A sobreposição entre as esferas profissional e pessoal/familiar está na origem da dificuldade crescente de conciliação, equilíbrio e separação destes domínios. O facto de os profissionais estarem cada vez mais “ligados” ao trabalho por via de um contacto permanente, seja devido, em primeira instância, ao pouco tempo disponível para a vida pessoal ou familiar, seja porque os horários são irregulares, flexíveis ou as situações e ocorrências de trabalho são sujeitas a uma grande imprevisibilidade, e a dificuldade ou impossibilidade de planear os tempos em que decorre a atividade profissional e, em consequência disso, os tempos extraprofissionais, geram acentuados desequilíbrios entre o trabalho e a esfera privada (Casaca, 2013; Anttila et al., 2015). O prolongamento da atividade profissional e a flexibilização dos tempos de trabalho têm impacto na descontextualização da vida pessoal, na quebra das relações de sociabilidade e na dificuldade de gerir e compatibilizar os contextos profissional e familiar, os horários, e fazer uma separação entre os dois universos. Por sua vez, a intensidade e a permanência do trabalho prolongam as preocupações do âmbito profissional para além do tempo de trabalho, reforçando a sobreposição entre a dimensão profissional e pessoal/familiar.

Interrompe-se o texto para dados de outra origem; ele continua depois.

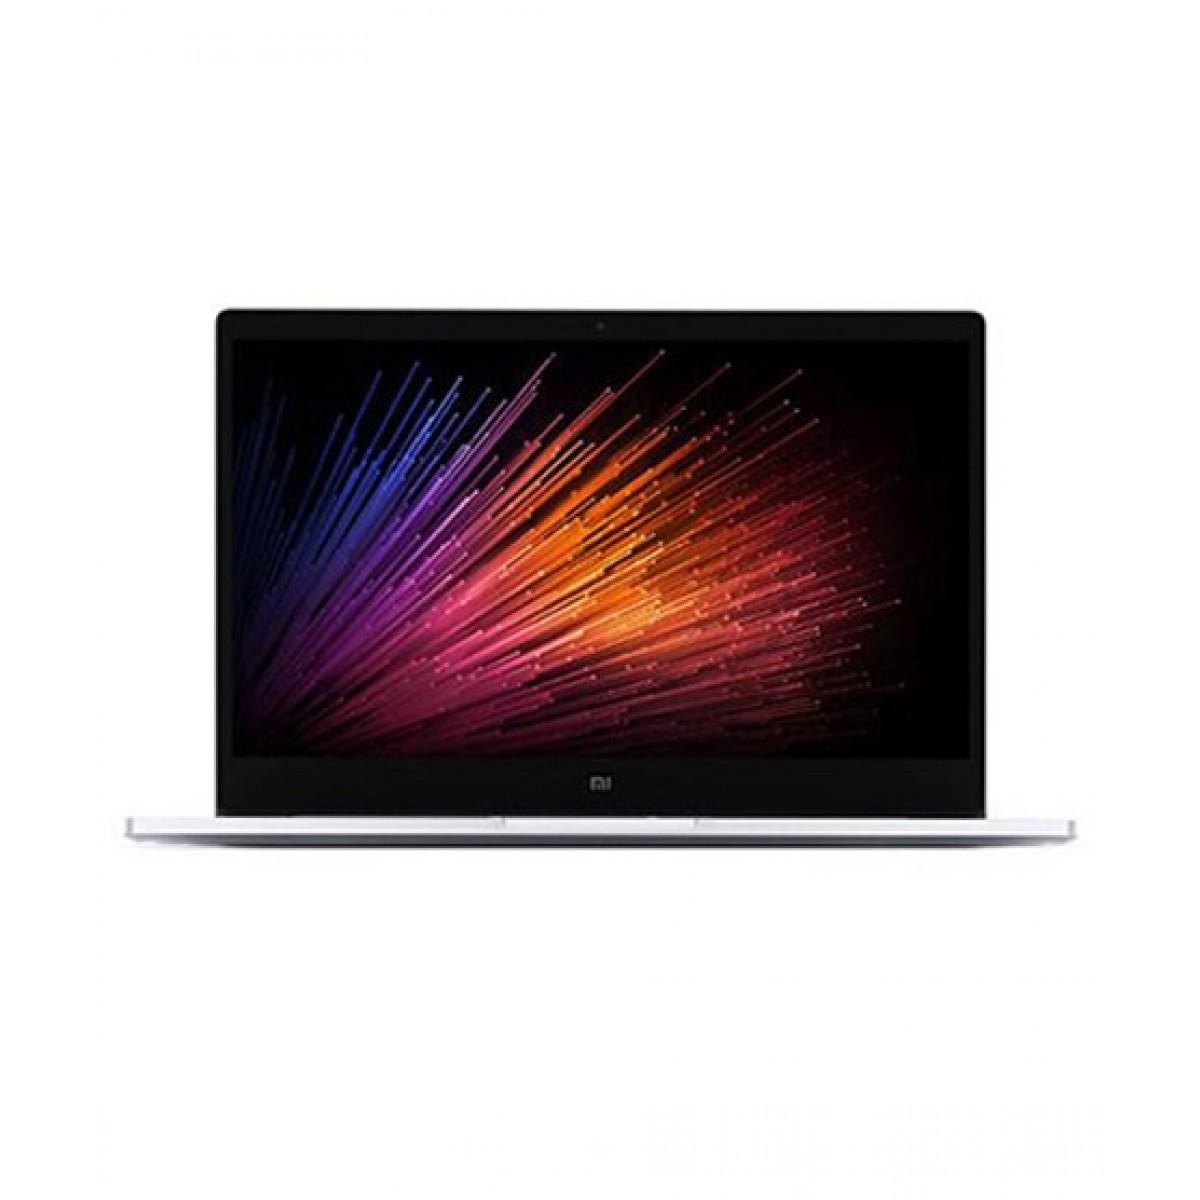 """Xiaomi Mi Notebook Air 13.3"""" Core i5 6th Gen 256GB 8GB RAM Laptop Silver"""
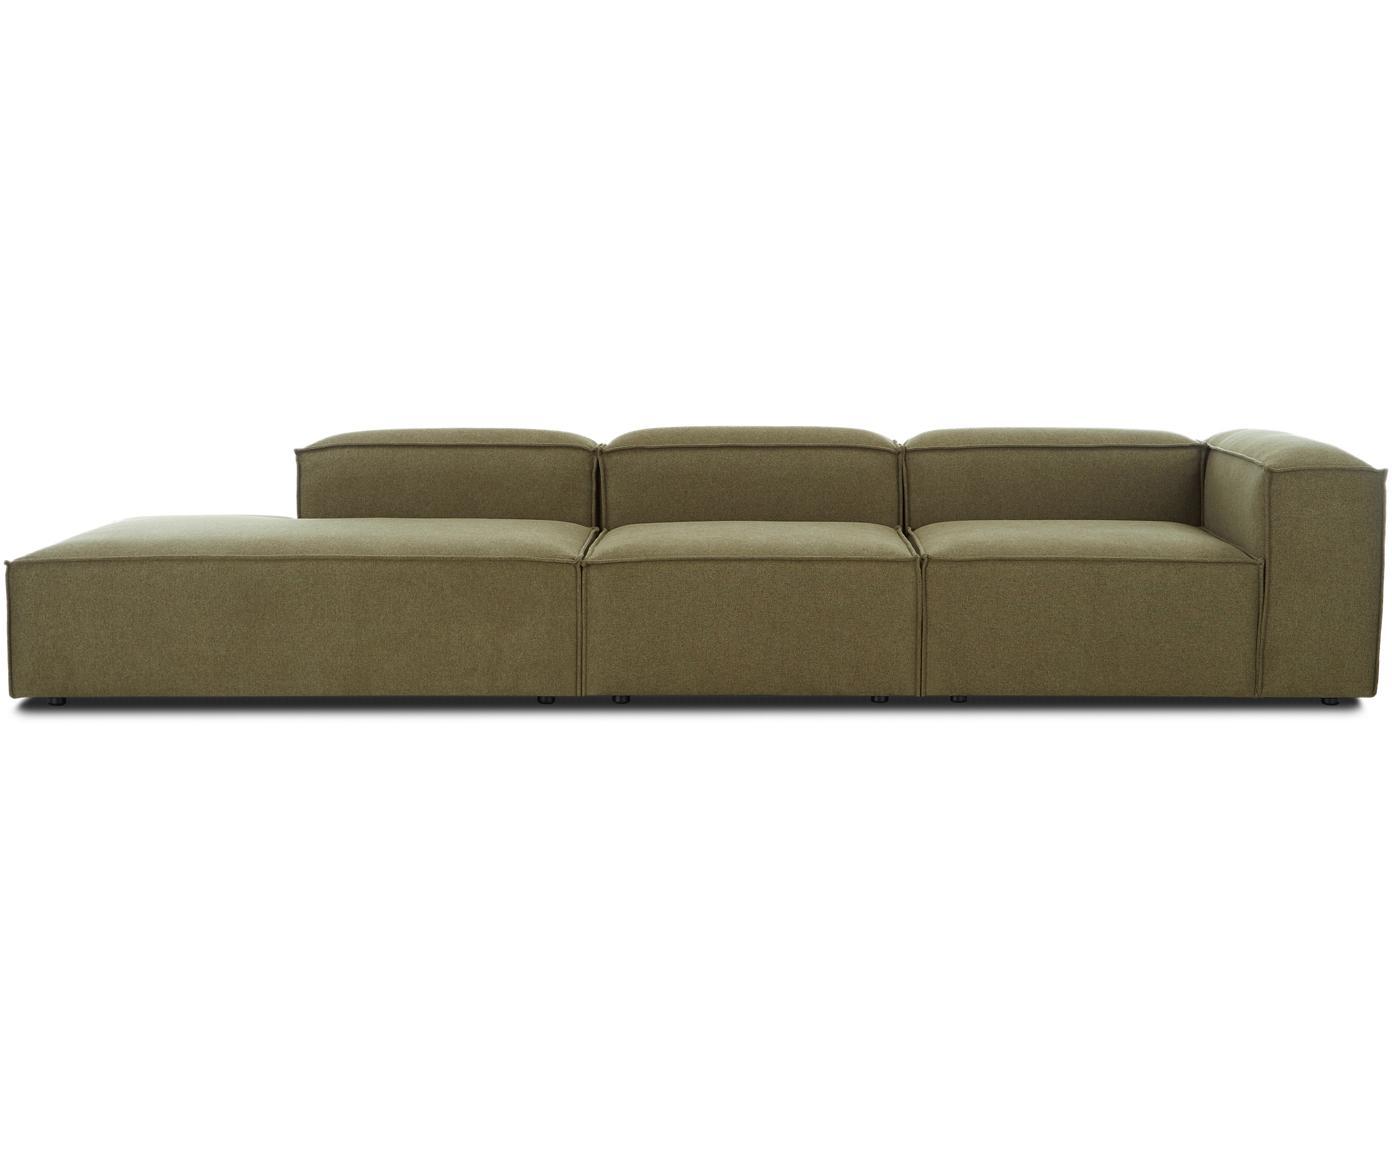 Modulaire XL chaise longue Lennon, Bekleding: 100% polyester, Frame: massief grenenhout, multi, Poten: kunststof, Geweven stof groen, B 357 x D 119 cm

As novas tecnologias, nomeadamente as tecnologias de informação e comunicação, potencializam as condições para a flexibilização dos locais de trabalho e as oportunidades de mobilidade no desempenho da profissão, ao aumentar as possibilidades de esta ser exercida à distância, em particular com o recurso ao teletrabalho, smartphones, acesso geral à internet, redes e diversas plataformas digitais. Estes meios permitem a portabilidade do trabalho, que é transportado para outros espaços distintos dos organizacionais e, em particular, para o espaço doméstico, prolongando o tempo de trabalho e colocando os indivíduos em acessibilidade e disponibilidade permanente para o exercício da atividade profissional (Örnebring, 2009; Castillo e Agulló, 2012).

De facto, o desenvolvimento tecnológico cria as condições para a flexibilidade do local de trabalho, com a possibilidade de o trabalho ser feito à distância, pois os profissionais podem realizar mais tarefas fora do local de trabalho e, deste modo, geram maior possibilidade de mobilidade no trabalho. Contudo, as inovações tecnológicas também podem reforçar a tendência oposta (Witschge e Nygren, 2009; Schnell, 2018). Por exemplo, ao contrário do que sucede com os polícias, a atividade dos jornalistas de imprensa escrita tende a ser mais concentrada nas redações dos jornais e menos no exterior, à medida que aumentam as possibilidades tecnológicas para desenvolver as ações profissionais sem necessidade de deslocação aos locais onde decorrem as ações que constituem o objeto do seu trabalho.

Nota conclusiva

Nas profissões e nos contextos de trabalho onde se constata uma elevada pressão para o desempenho profissional, verificam-se transformações profundas na natureza do trabalho e nos tempos de trabalho. Estas transformações decorrem num contexto de amplificação das inovações tecnológicas e são fortemente mediadas pelos recursos tecnológicos que influenciam significativamente o processo de mudança no seu conjunto.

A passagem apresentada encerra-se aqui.